Kevin Conway, assistant professor and curator of fishes with Texas A&M’s department of wildlife and fisheries sciences at College Station, has published his research at Texas A&M University that documents a new species of clingfish — and a startling new discovery in a second well-documented clingfish. The paper, entitled “Cryptic Diversity and Venom Glands in Western Atlantic Clingfishes of the Genus Acyrtus (Teleostei: Gobiesocidae),” was published May 13 in the PLOS ONE online journal.

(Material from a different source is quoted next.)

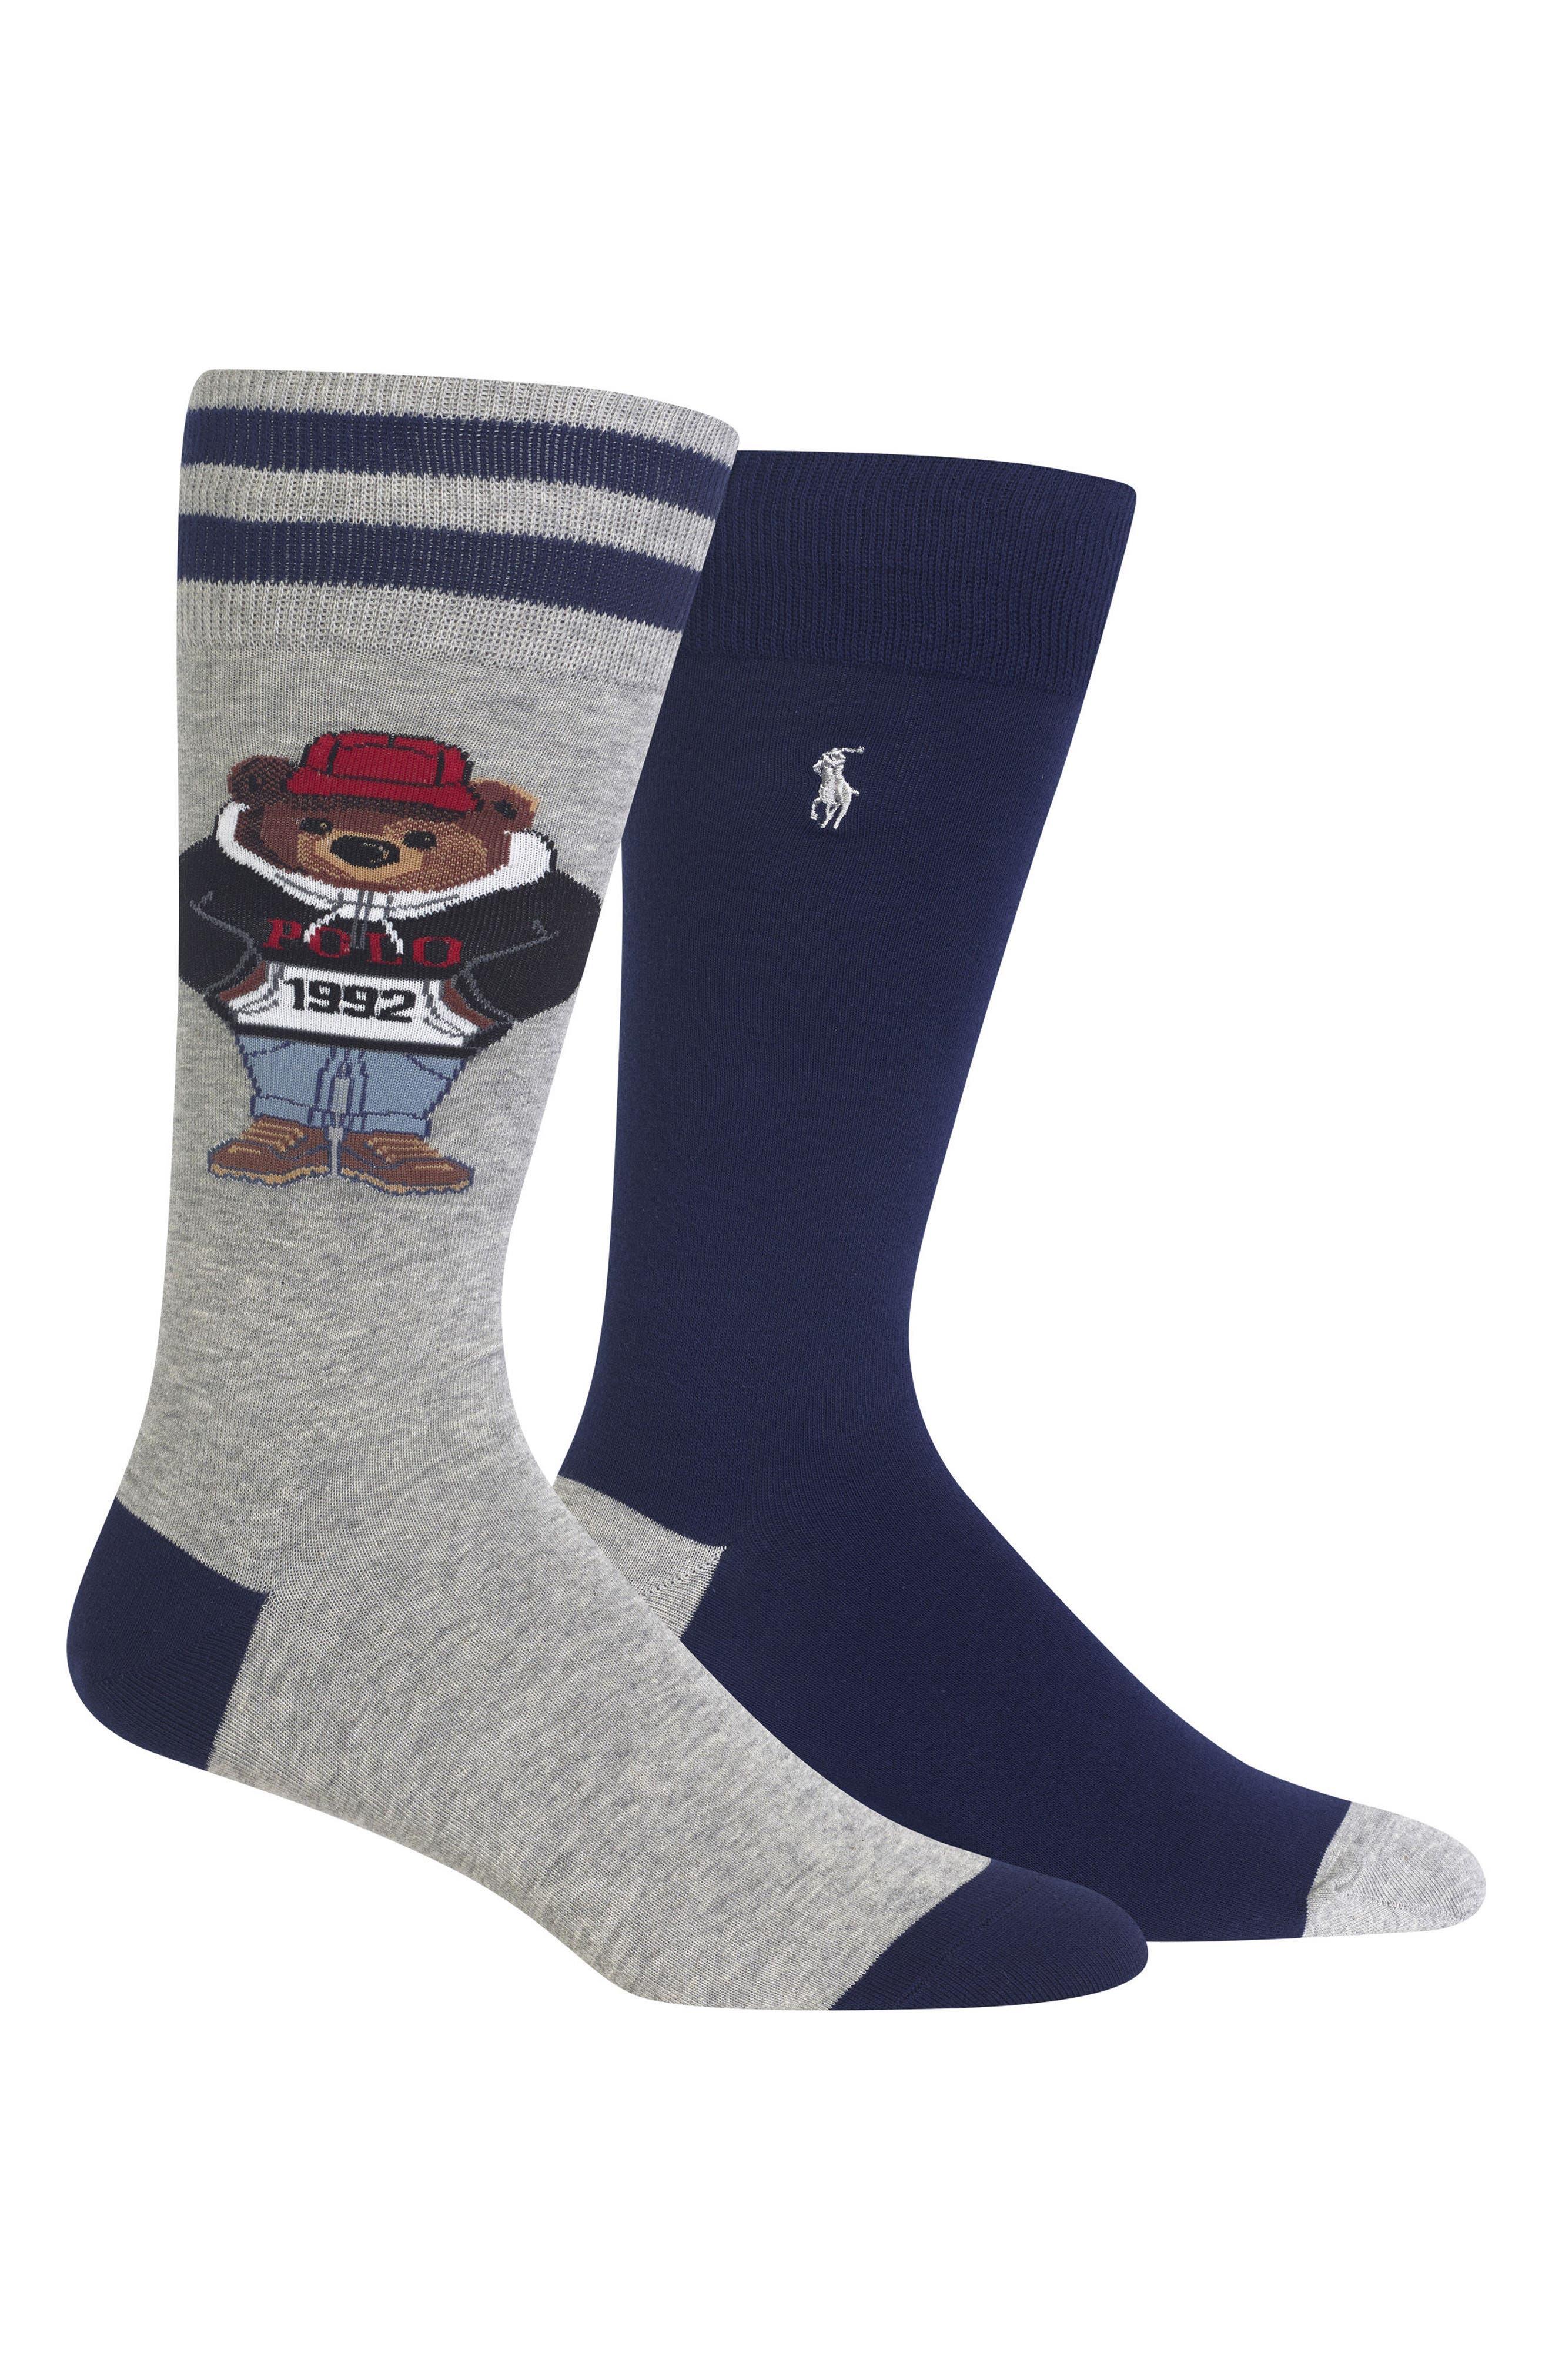 2-Pack Socks,                             Main thumbnail 1, color,                             054

PLOS ONE is the Public Library of Science’s peer reviewed, open-access scientific journal.

The scientific paper documents the study Conway and his team, including Carole Baldwin, his collaborator at the Smithsonian Institution, and Macaulay White, former Texas A&M undergraduate, have been working on for several years.

“We are excited about the study, because it resulted in not only the discovery of an undescribed species, but also the discovery of a unique venom gland in a group of fishes nobody knew were venomous,” Conway said. “New groups of venomous fishes are not discovered very often, in fact the last such discovery happened back in the 1960s. The shocking thing is that the fishes that possess the venom gland have been known to science for a long time, some for over 260 years, and have been pretty well studied.”